### Problem statement
Please give all of the data again, character for character, and drop the pictures.

### Recorded information
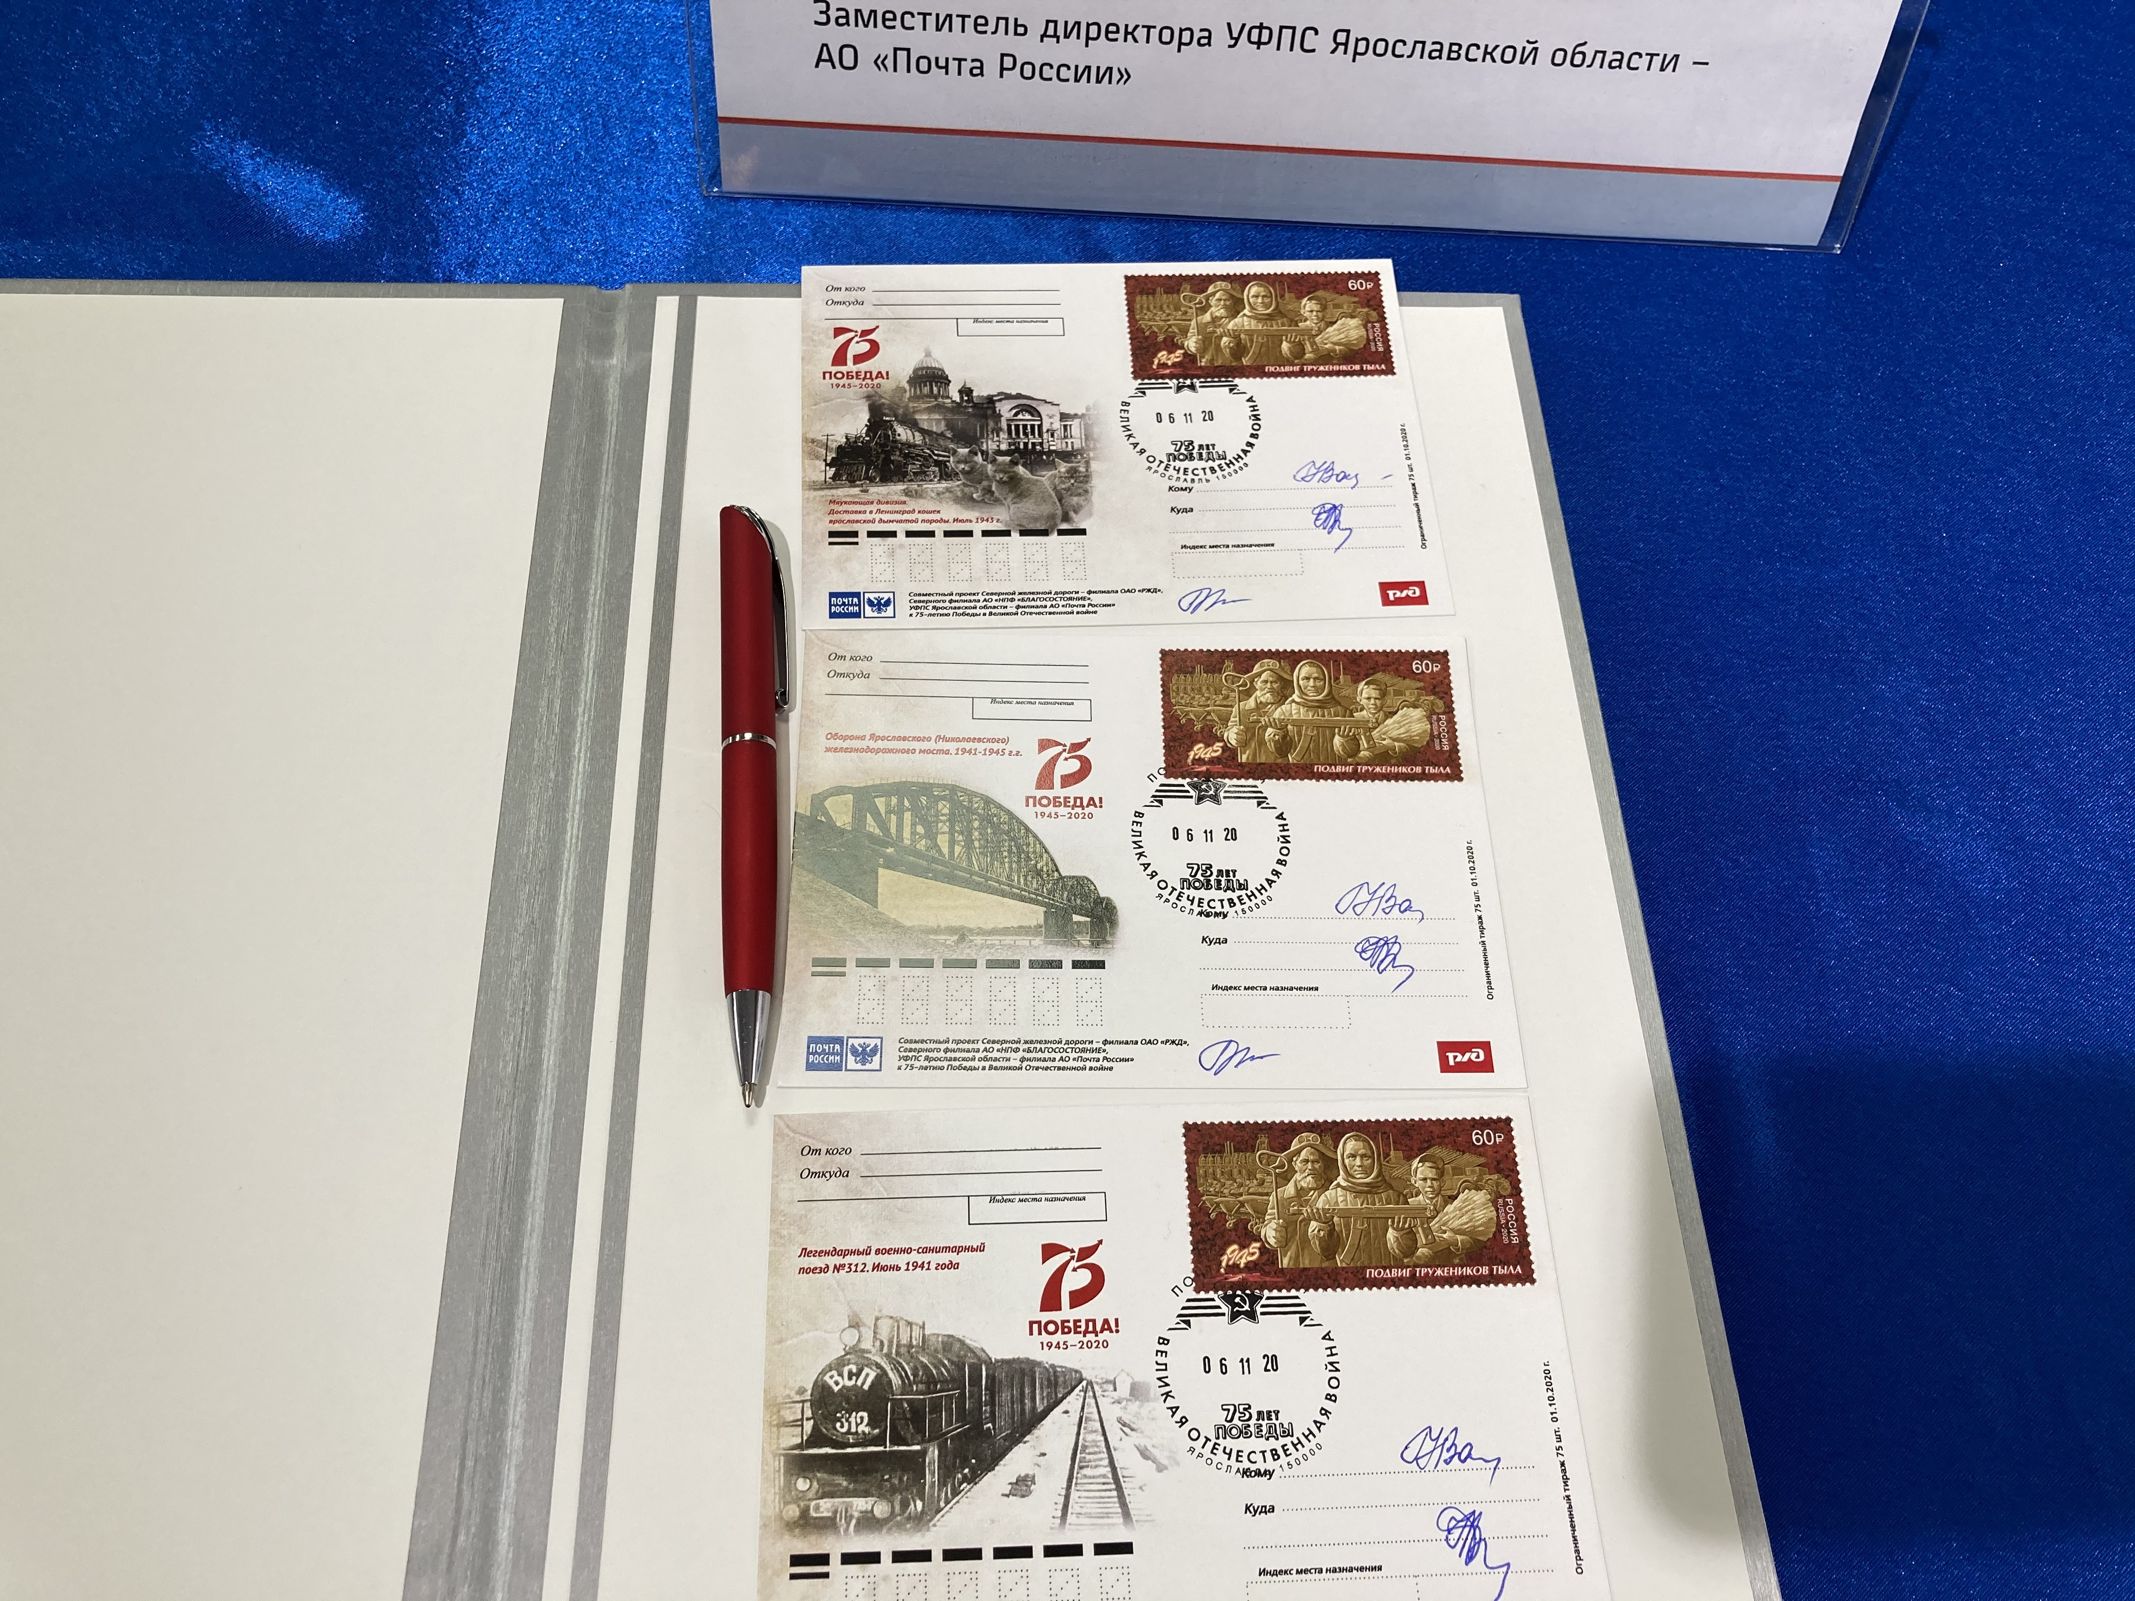 В честь 75-летия Победы состоялось спецгашение открыток, посвященных железнодорожникам
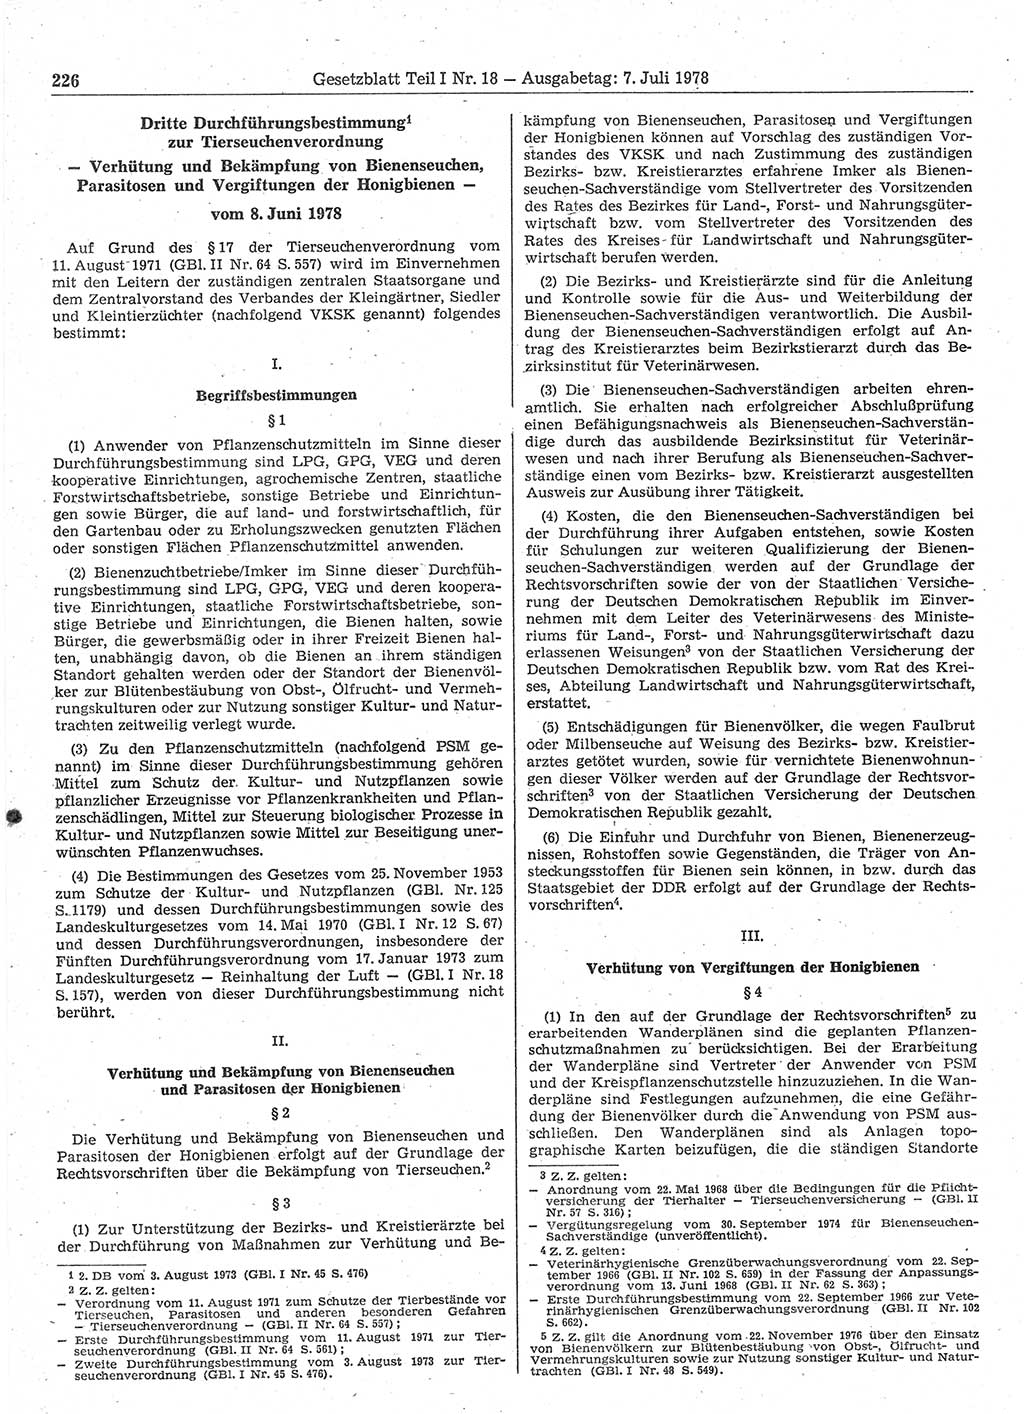 Gesetzblatt (GBl.) der Deutschen Demokratischen Republik (DDR) Teil Ⅰ 1978, Seite 226 (GBl. DDR Ⅰ 1978, S. 226)
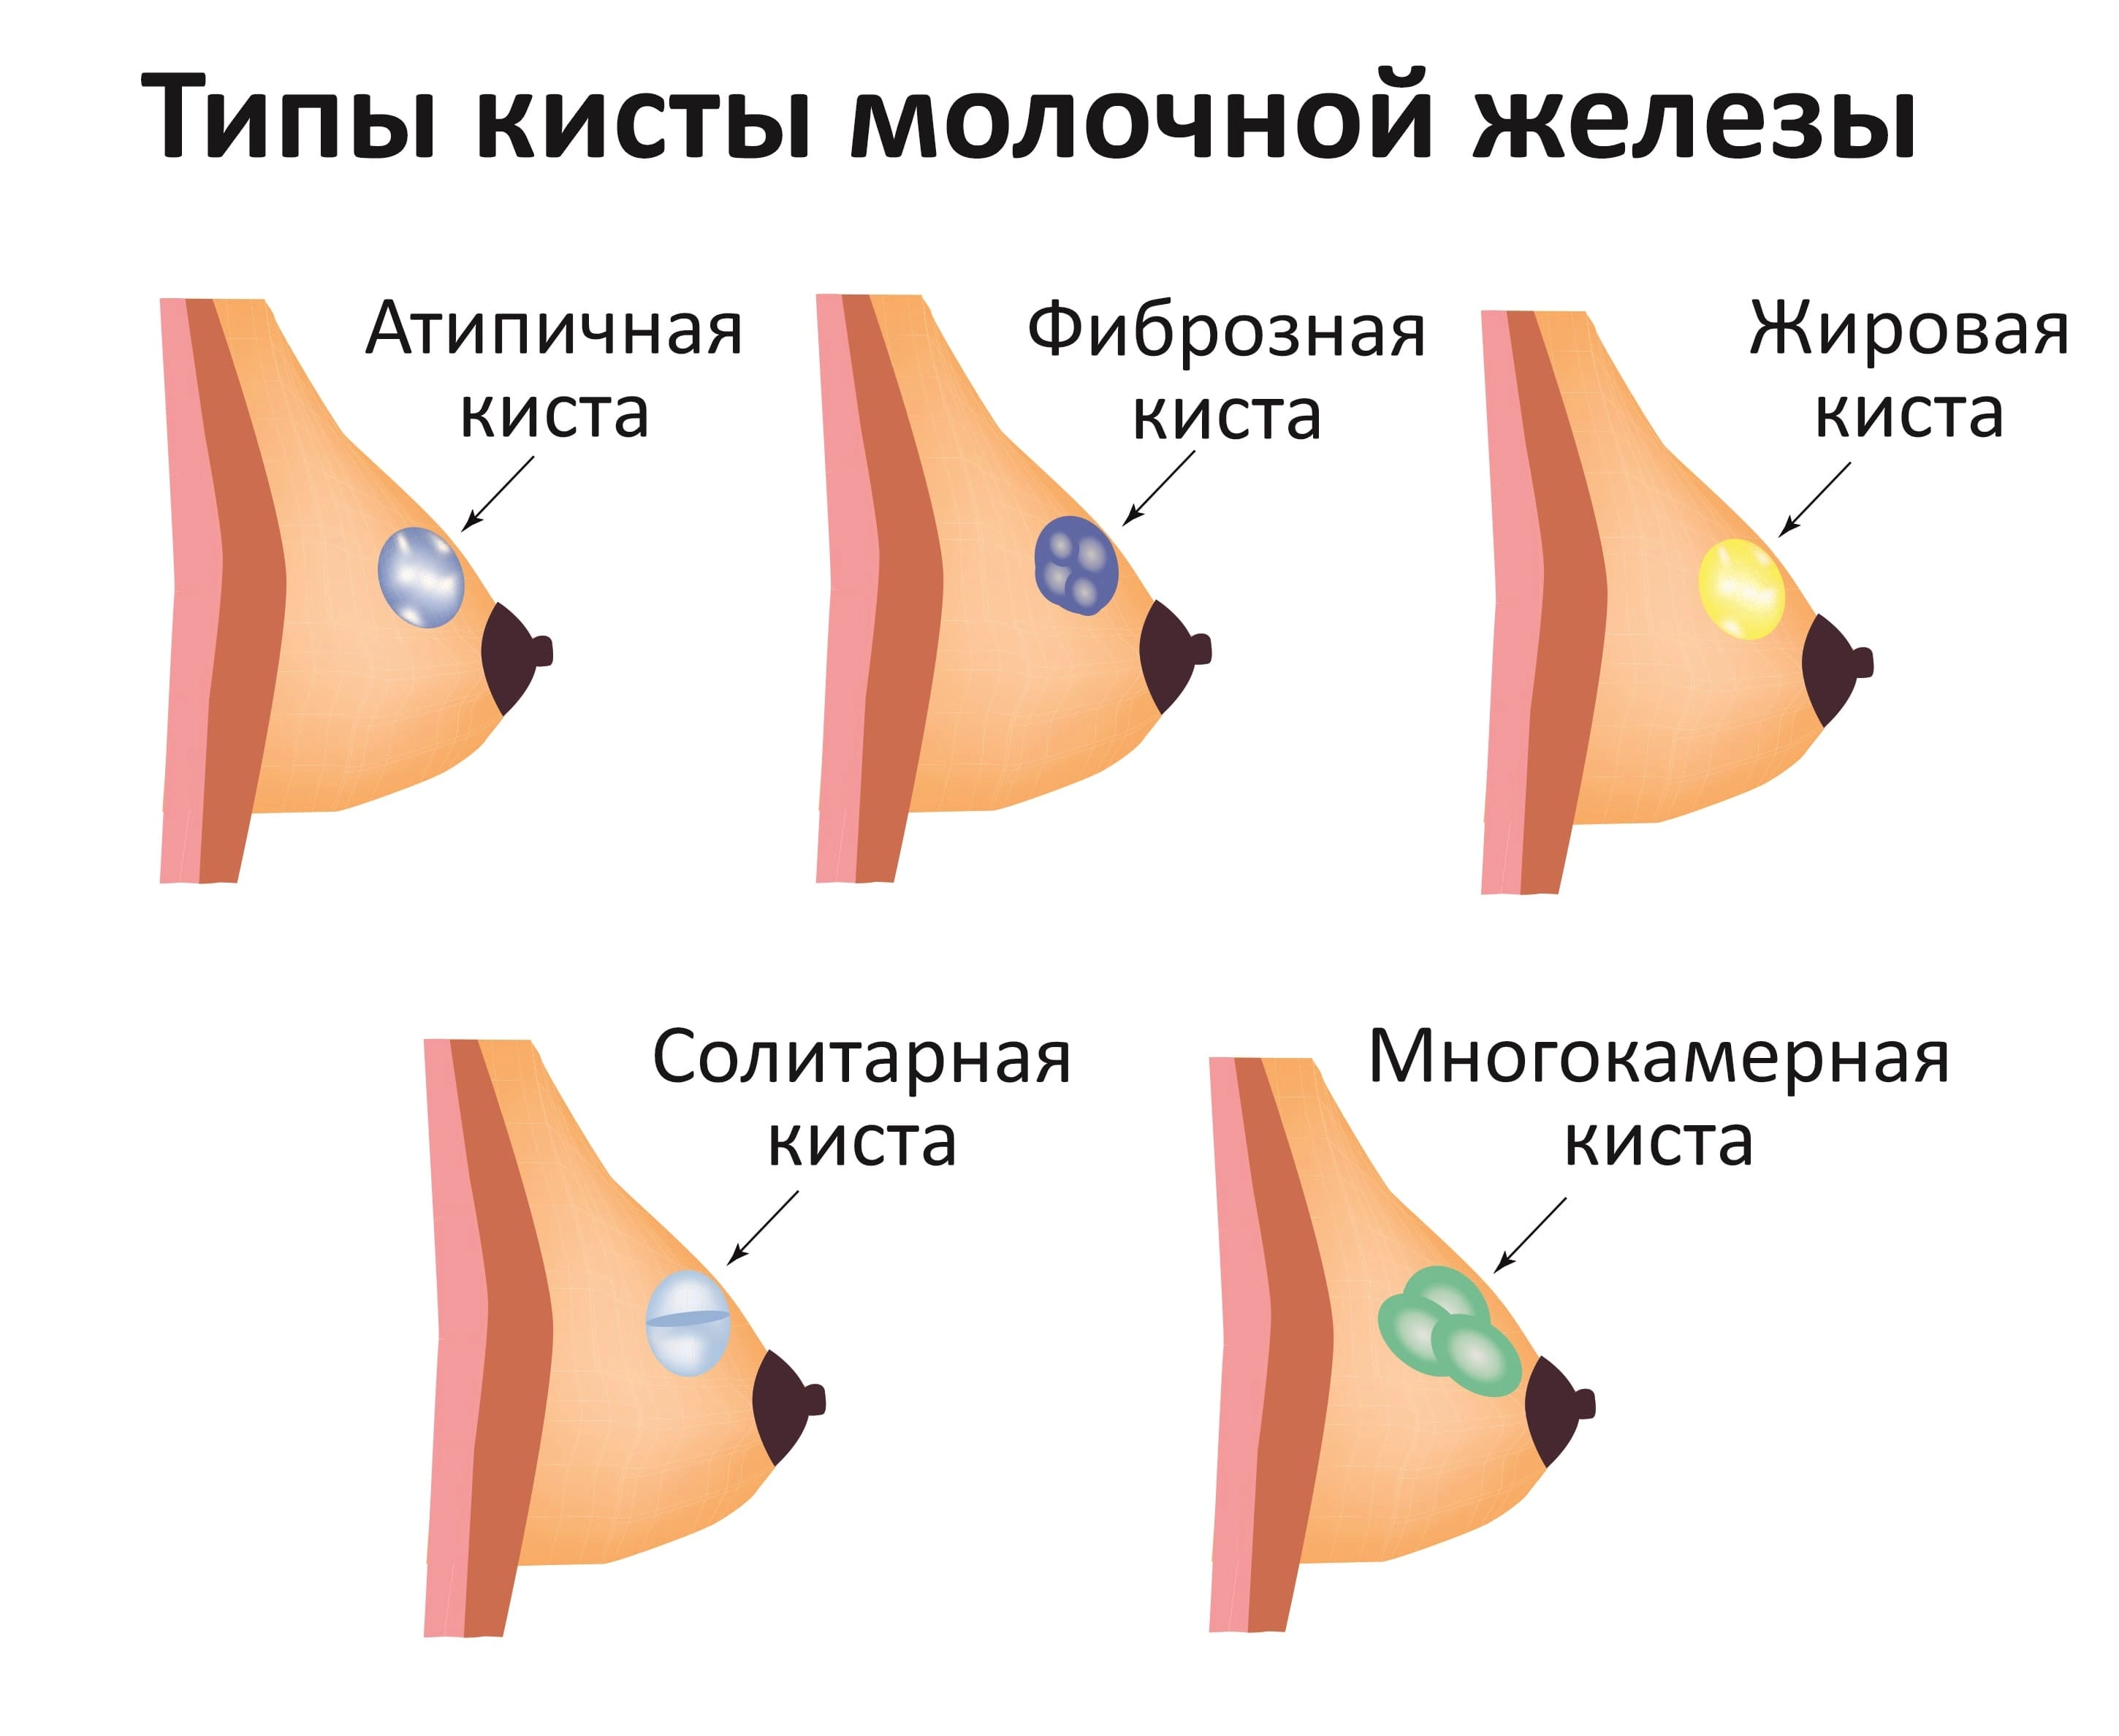 Киста молочной железы - диагностика и лечение опухоли в Москве

### Answer
 В честь 75-летия Победы состоялось спецгашение открыток, посвященных железнодорожникам
 Gesetzblatt (GBl.) der Deutschen Demokratischen Republik (DDR) Teil Ⅰ 1978, Seite 226 (GBl. DDR Ⅰ 1978, S. 226)
 Киста молочной железы - диагностика и лечение опухоли в Москве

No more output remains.